4. Fixtures and automated tests
← Previous: Schema-driven application code · Index · Next: Roll out with the testing attribute
Lint proves the manifest is well-formed. The schema test in Chapter 3 proves the application sends the right shape of context. Neither proves the manifest does what you mean — that a US user with user.id = u-1 actually returns control, that a non-US user falls through to the default, that a missing user.id doesn't sneak into a bucket by accident.
The tool for that is exd fixtures.

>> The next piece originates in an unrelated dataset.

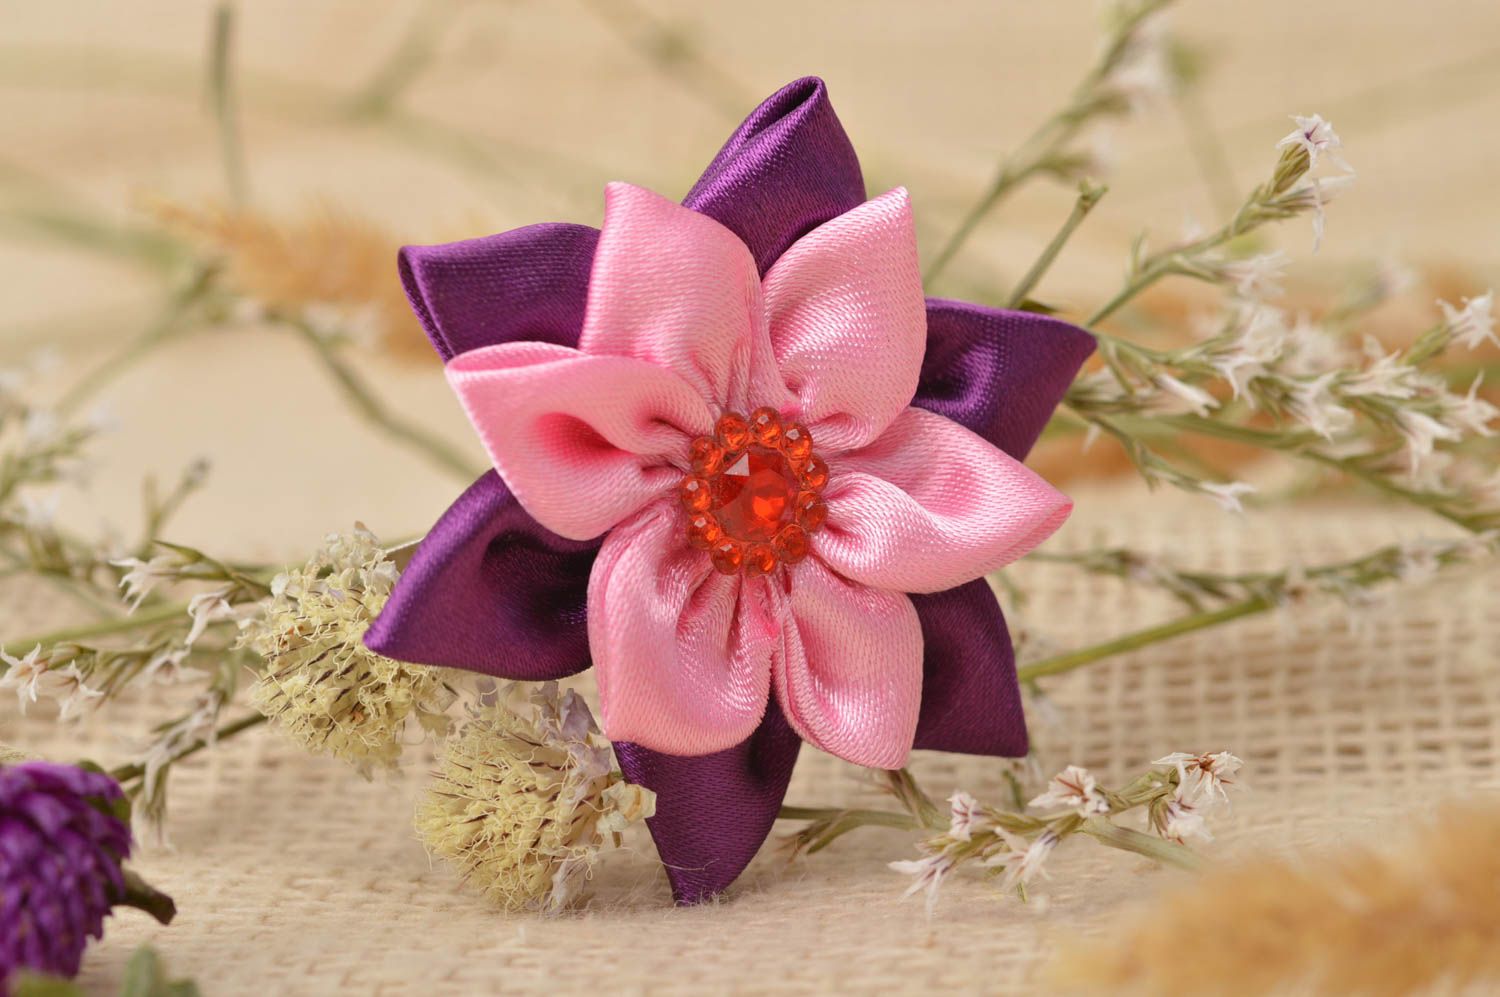 Handmade Mädchen Haarschmuck Haarspange Blume Mode Accessoire schön grell farbig foto 1

It walks the flag's rule chain, synthesizes one representative context per rule, and emits (ctx, expected variant, why) rows in a paste-ready form — either as a --format human table you eyeball in your terminal, or as a --format rust/--format typescript const you check into the repo and consume from tests.
Critically, the synthesis is deterministic: same --seed and same manifest always produce byte-identical output. Fixtures live in your repo, the diff is meaningful, and a rule rewrite that changes a variant assignment shows up as a fixture diff in code review — instant regression signal.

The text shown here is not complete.